Surgery on humans using robots has been touted by some as a safer way to get your innards repaired – and now the figures are in for you to judge.
A team of university eggheads have counted up the number of medical cockups in America reported to the US Food and Drug Administration (FDA) from 2000 to 2013, and found there were 144 deaths during robot-assisted surgery, 1,391 injuries, and 8,061 counts of device malfunctions.
If that sounds terrible, consider that 1.7 million robo-operations were carried out between 2007 and 2013. Whether you're impressed or appalled, the number of errors has the experts mildly concerned, and they want better safety mechanisms.
"Despite widespread adoption of robotic systems for minimally invasive surgery, a non-negligible number of technical difficulties and complications are still being experienced during procedures," concludes the study [PDF], which was conducted by bods from MIT, Rush University Medical Center, and the University of Illinois.
Two deaths and 52 injuries were caused when the mechanical surgeon spontaneously powered down mid operation or made an incorrect movement. In another 10.5 per cent of recorded malfunctions, electrical sparks burned patients, resulting in 193 injuries.

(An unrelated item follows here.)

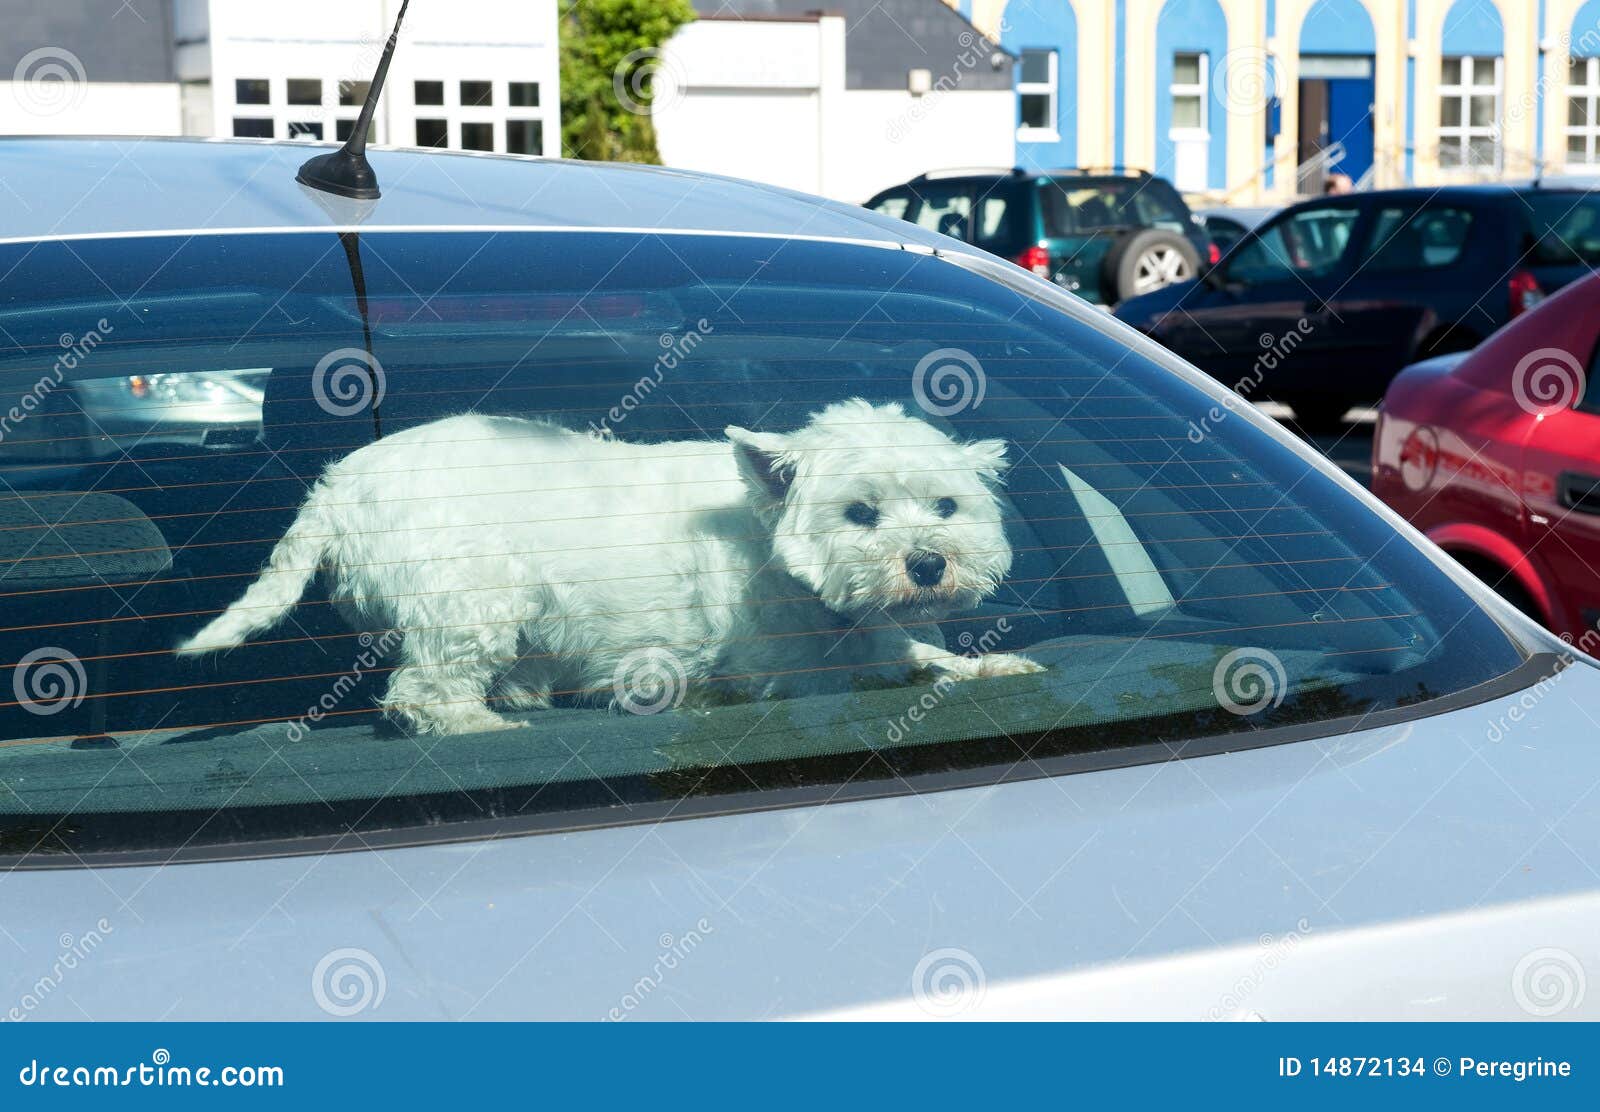 dog-car-rear-window-14872134.jpg

A major problem, surprisingly, was that one death and 119 injuries were caused by pieces of the robot falling off into the patient, requiring a human surgical team to intervene and retrieve the broken hardware. 18 injuries were caused when the video systems on the human surgeon's console borked out mid-surgery.
The most dangerous kind of robot surgery is cardiothoracic and head and neck surgeries (6.4 per cent and 19.7 per cent of adverse results respectively), compared to 1.4 per cent and 1.9 per cent for gynecology and urology operations.
"The best that we can tell from the available data is that the higher number of injury, death, and conversion per adverse event in cardiothoracic and head and neck surgeries could be indirectly explained by the higher complexity of the procedures, less frequent use of robotic devices, and less robotic expertise in these fields," the study found.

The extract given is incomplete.